もうダメなのかもしれない。

あの日は雪がよく降っていて、とても寒い夜だった。寒くて寒くて、どうしようもなかった。だからだろうか、あの人から溢れ出る出血が酷く温かく感じた。










「レナ」






弱々しい声で自分の名前を呼ばれ、弾かれたように顔を上げた。息絶え絶えに弱々しく言葉を紡ぐ彼に、この人の人生に終止符が打たれるのも時間の問題だと心のどこかで悟っていた。





「全く、ひどい、顔ですね…。泣くなよ…」

「、わたしっわ、たし」

「君のせいじゃない、だから…泣かないで下さい」






横たわっている彼の体からは無残にも切り傷が大量に刻まれている。私自身、満身創痍の身体を引きずって彼の顔を覗き込む。

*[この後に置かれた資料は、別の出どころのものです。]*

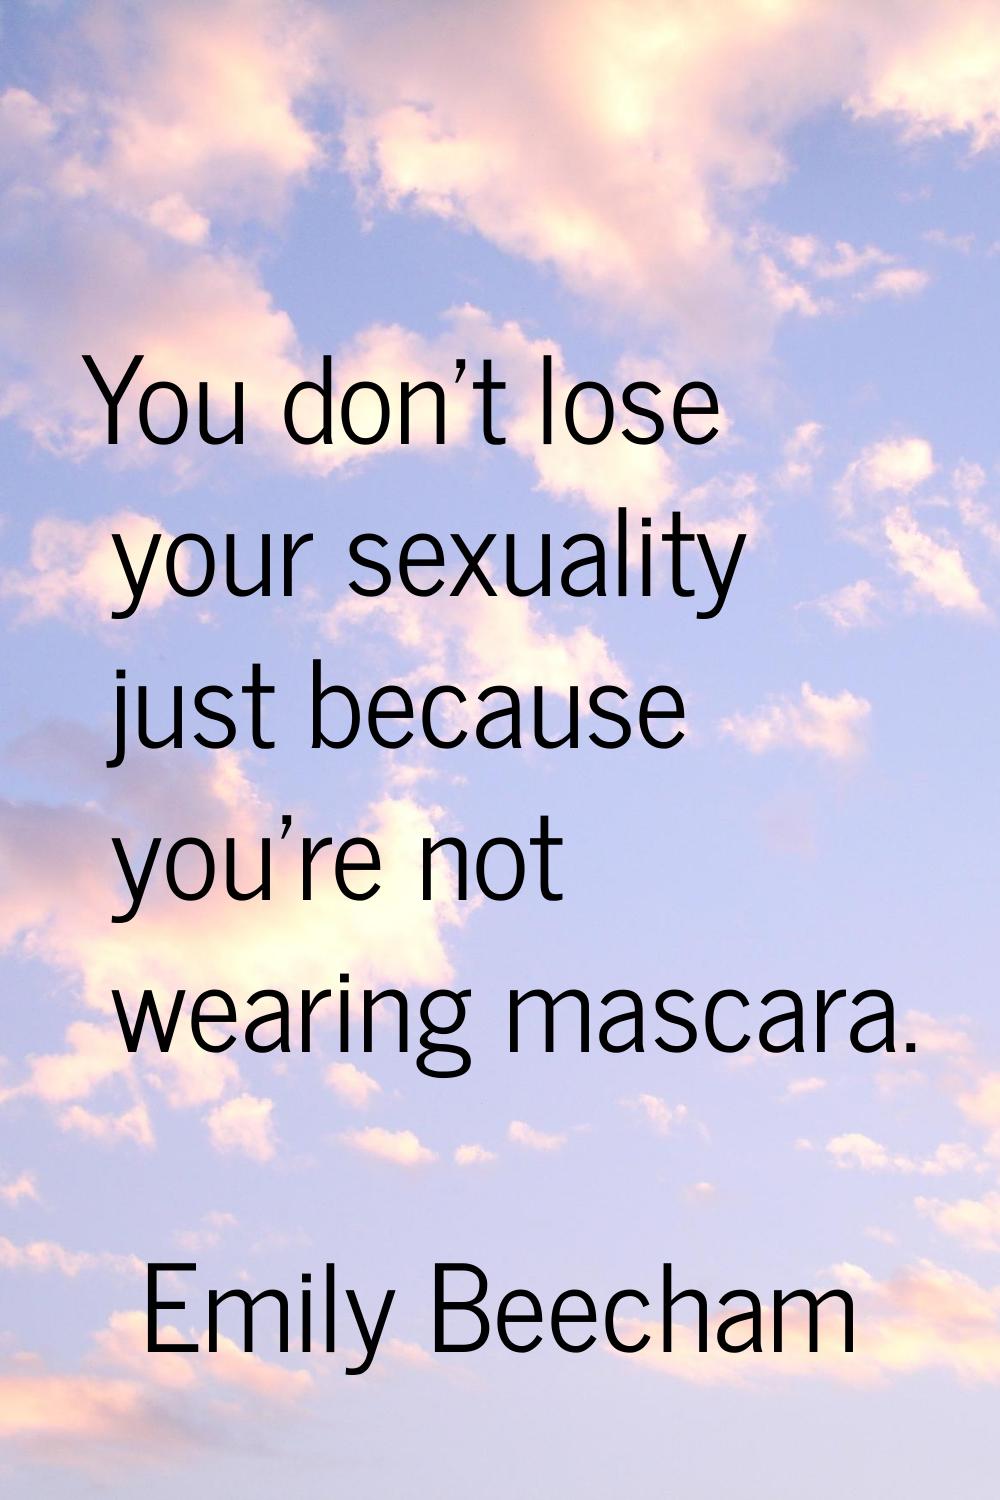 You don't lose your sexuality just because you're not wearing mascara.
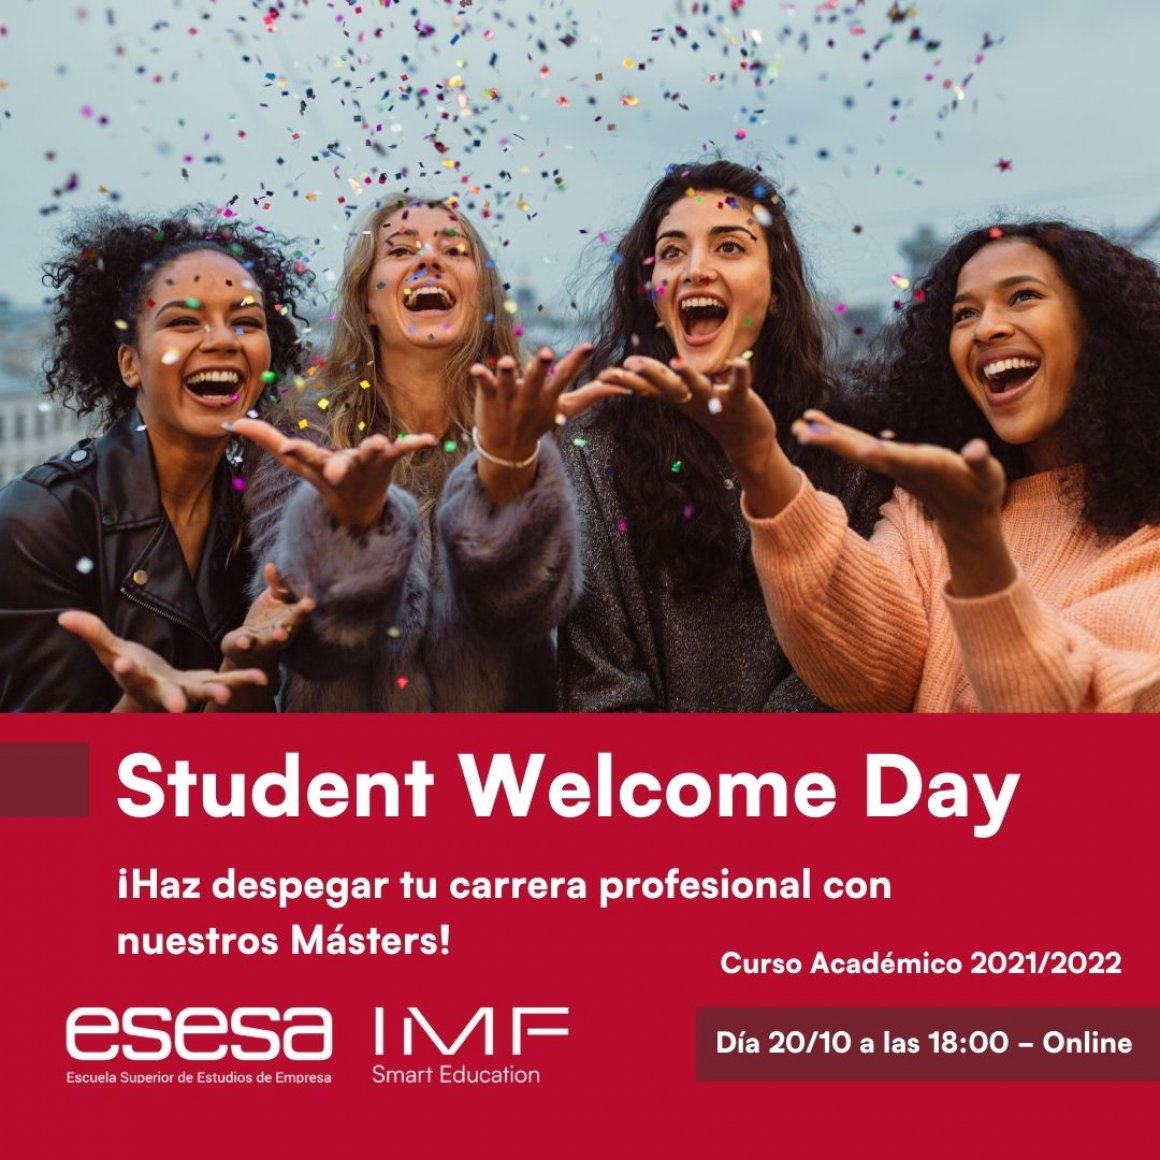 Student Welcome Day

彼の躯の大きな傷からは止めどなく血が流れる。降り積もっている雪は彼の血のせいでゆるゆると溶けていく。血の量が尋常では無いのだ。



「(早く、医者に。このままじゃ…)」




出血多量、で。

それ以上は考えたくも無くて、私は唇を噛み締めた。だけど頭の隅ではもうダメなんだと諦めている自分がいたのは確かだった。








「すみま、せん」

「なにっが」

「君は優しいから、きっと自分を責めるでしょう」






私のことなんか今はどうだっていい。そんなことよりどうして自分の心配をしないのか。全部自分のせいだ。こうなったのは全て自分の責任なんだ。馬鹿だ、私は馬鹿だ、大馬鹿だ。ボロボロと涙を流す少女に男はにっこりと微笑んだ。







「君は笑ってる方が…素、敵です」

「笑えないよ、今は、そんなことどうだっていいよ」





そんな風に微笑わないで欲しい。最期の別れみたいなことを言わないで欲しい。謝るべきなのは私であって悪いのは私であって。

総ては自分が招いたせいであって。






「悪くなかった…ですよ、君と一緒に居て、」






途切れ途切れにそう問えば彼は小さく微笑む。ふと、彼の手がそっと私の頬に触れる。

「!、」





冷たい。この人の手はこんなに冷たかっただろうか。まるで氷を触っているような感覚だ。これじゃあまるで、死人のようじゃないか。











「レナ…、    。」

「な、んて?……ねえ、」







言葉を上手く拾えずに触れていた彼の手は重力に従い下がっていった。名前を呼んでも返事はしない、体は動かない。








「…っごめ、ん…ごっ、めん…」








彼の手を握りしめて何度も何度も謝った。許されないと解っているのに繰り返し繰り返し彼の名前を呼んでは謝り続けた。